Tout d’abord, cette question opérationnalise la recherche en nous concentrant sur les usages que font les acteurs de l’instrument de politiques publiques étudié. Pour nous, cette question – même si elle s’avère très simple – permet de prendre en compte la complexité que l’on cherche à analyser. Sa souplesse s’adapte aux différents niveaux de l’analyse. Ensuite, le choix du mot usage, tel que nous l’avons défini, permet d’englober, dans un même temps, les différentes variables – discursives et cognitives, stratégiques et institutionnelles – qui influencent classiquement les changements de politiques publiques.

Pour répondre à ces questions, nous avons construit un cadre de référence théorique souple qui repose sur les interactions entre acteurs des différentes échelles et sur les usages qu’ils font de l’instrument OGAF. Nous mobilisons donc une analyse plutôt « instrumentale » qui vise à reconstruire le réseau qui articule acteurs, discours, intérêts et institutions autour des OGAF, aux différents niveaux. Le modèle auquel nous avons abouti articule in fine quatre hypothèses. La première hypothèse porte sur les interactions au niveau méso et macro qui ont

participé au transfert de l’instrument OGAF vers les politiques publiques de la province Nord. La deuxième concerne les usages de l’instrument OGAF au niveau micro, niveau des territoires de projet OGAF.

Les deux dernières hypothèses se concentrent plus sur les effets rétroactifs des usages de l’instrument OGAF sur le processus continu de fabrication de l’action publique. D’abord les effets « ascendants » sur l’action publique, des territoires de projet OGAF vers la province, puis les effets de la province Nord vers les territoires de projet avec la multiplication des OGAF sur une partie de son territoire.

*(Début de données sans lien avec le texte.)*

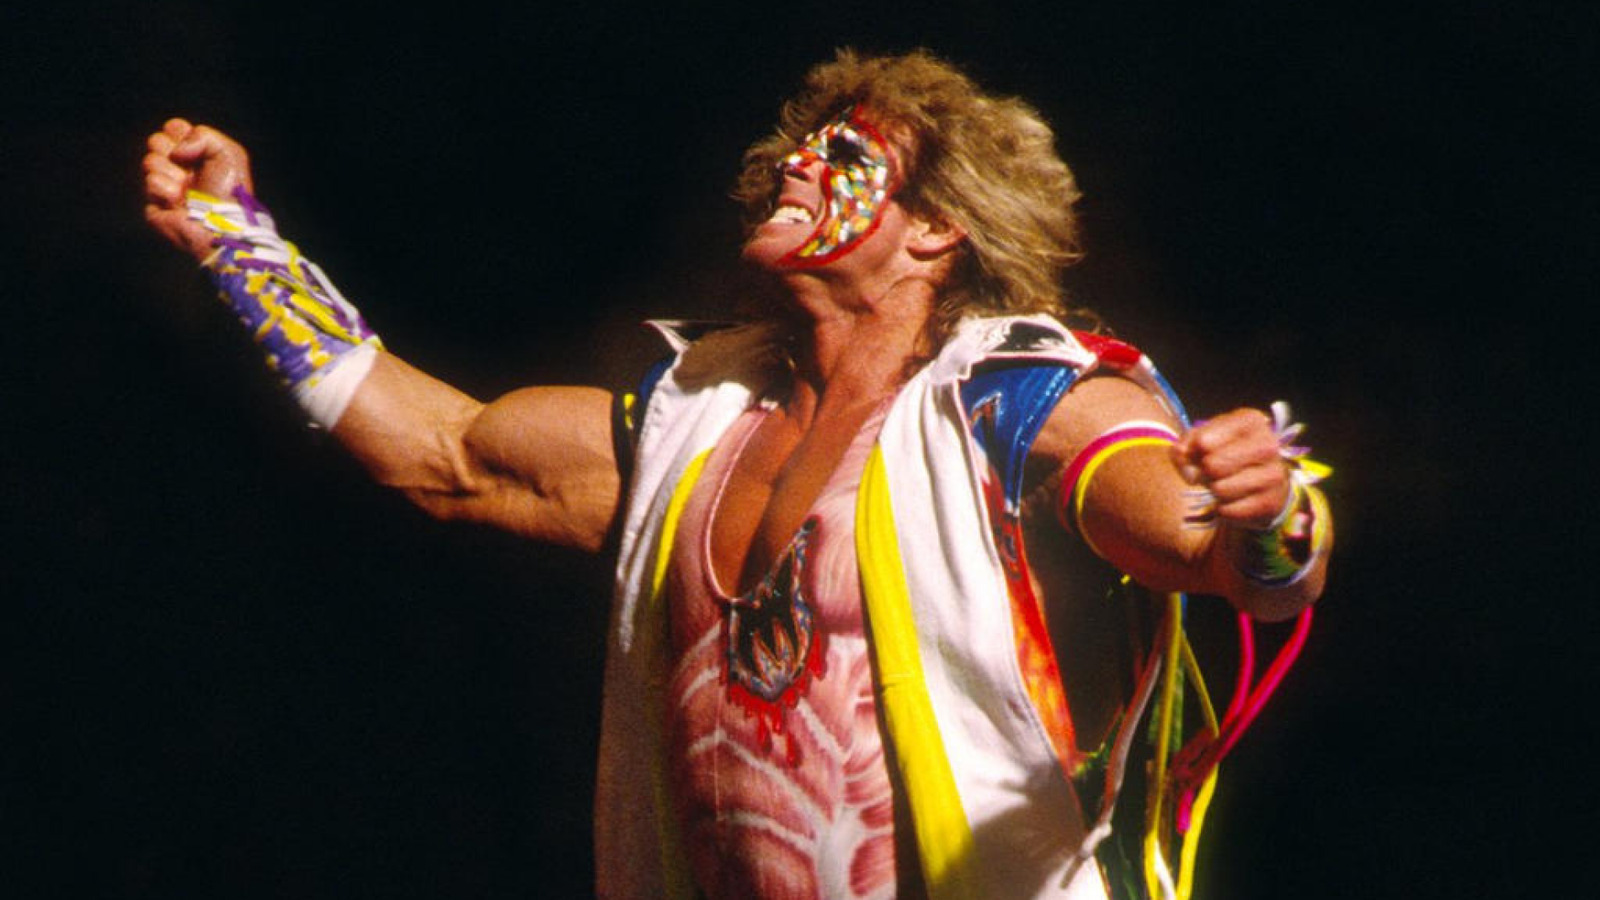 Tony Schiavone detalla su problema con WWF Star Ultimate Warrior

Pour ce qui concerne le dispositif de recherche, nous avons procédé à la collecte de données hétérogènes sur les différents territoires et niveaux d’analyse (entretiens avec les acteurs des différents niveaux, collecte de documentation hétérogène et observations participantes). L’analyse a porté sur deux territoires de projet OGAF, Côte Est et Canala ; projets terminés au moment des enquêtes et de l’analyse.

Pour la présentation des résultats empiriques dans les deux parties suivantes, nous avons fait le choix de dérouler nos quatre hypothèses. Dans la partie suivante, nous allons donc observer au niveau du territoire provincial (chapitre IV) les modalités de transfert de l’instrument OGAF. Le processus de transfert de l’instrument sera replacé dans le contexte général de construction d’une problématisation du développement en pays kanak. Le chapitre V complète le processus de construction et de formalisation des projets OGAF en proposant une entrée par la focale des territoires de projet. Il s’agit de regarder comment l’instrument OGAF est mobilisé sur un territoire, comment ce territoire est défini et selon quelles modalités les acteurs s’impliquent dans le dispositif. Analyser la construction et la formalisation du dispositif OGAF à deux niveaux dans une même partie nous permet d’insister sur le fait que, contrairement à nos questionnements et hypothèses de départ présentés dans l’introduction, nous n’avons pas d’a priori sur l’origine de l’évolution de l’action publique provinciale. Le « changement » peut s’opérer par le « haut » ou par le « bas », il est nécessaire de regarder chaque niveau avec attention. Dans la partie III, ce seront les interactions entre niveaux d’analyse et effets feed-back des usages qui seront ensuite analysés plus finement. Structurer ainsi la suite de la thèse permet de ne pas séparer les niveaux, de tenter de les penser de manière enchevêtrée, mais surtout de suivre le fil de l’histoire des usages de l’instrument OGAF dans le processus de fabrication de l’action publique provinciale.